The suspect turned himself in to police after the murder in Feni town


A man in Feni streamed killing his wife on Facebook Live before turning himself in to law enforcement.

After hacking his wife Tahmina Akhter to death at his home in the district town on Wednesday, Obaidul Haque Tutul called the police, said Inspector (investigations) Sajedul Islam of Feni Model Police Station.

Police arrested Tutul from his home in the Uttar Barahipur neighbourhood of the town and seized the murder weapon, a machete, as well as the suspect’s mobile phone.   

Preliminary investigation found the incident to be an aftermath of a family feud, said Inspector Islam. “We will further investigate the incident.

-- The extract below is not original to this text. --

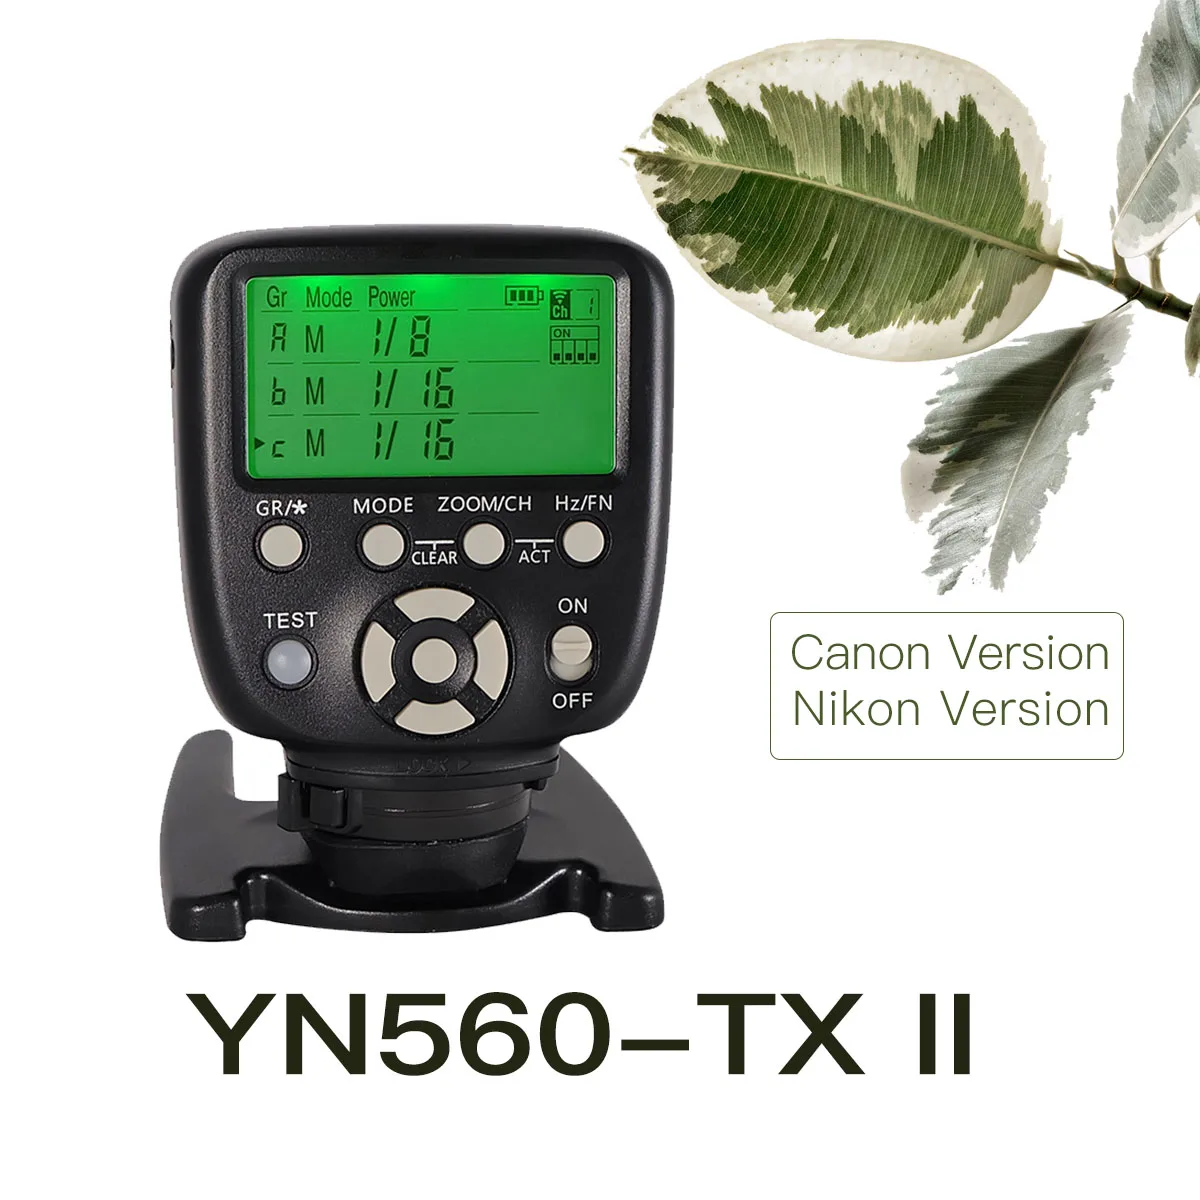 

YONGNUO YN560-TX II Wireless Flash Trigger Controller Trasmitter for YN-560III YN560IV RF-602 RF-603 II for Canon Nikon

In the meantime, the body has been sent to a local hospital for autopsy.”

The couple, who got married five years ago after dating for five years, had a one and a half year old daughter, the murder victim’s sister Rehana Akhter told the media.

They often had arguments over financial matters, she said, before adding that  Tutul, who worked for a Dhaka based private firm, had borrowed money from his in-laws, but demanded even more.

According to a recent finding by the UN Women, since the outbreak of Covid-19 violence against women and girls, and particularly domestic violence has intensified.

It’s likely to increase as security, health, and money worries heighten tensions and strains are accentuated by cramped and confined living conditions, it says.

In France, cases of domestic violence have increased by 30 per cent since the lockdown on March 17. 

In Canada, Germany, Spain, the United Kingdom, and the United States, government authorities, women’s rights activists and civil society partners have indicated increasing reports of domestic violence during the crisis, and/or increased demand for emergency shelter.  

In Australia, a Women’s Safety New South Wales survey reveals that 40 per cent of frontline workers have reported increased requests for help by survivors, and 70 per cent have reported that the cases received have increased in their level of complexity during the COVID-19 outbreak.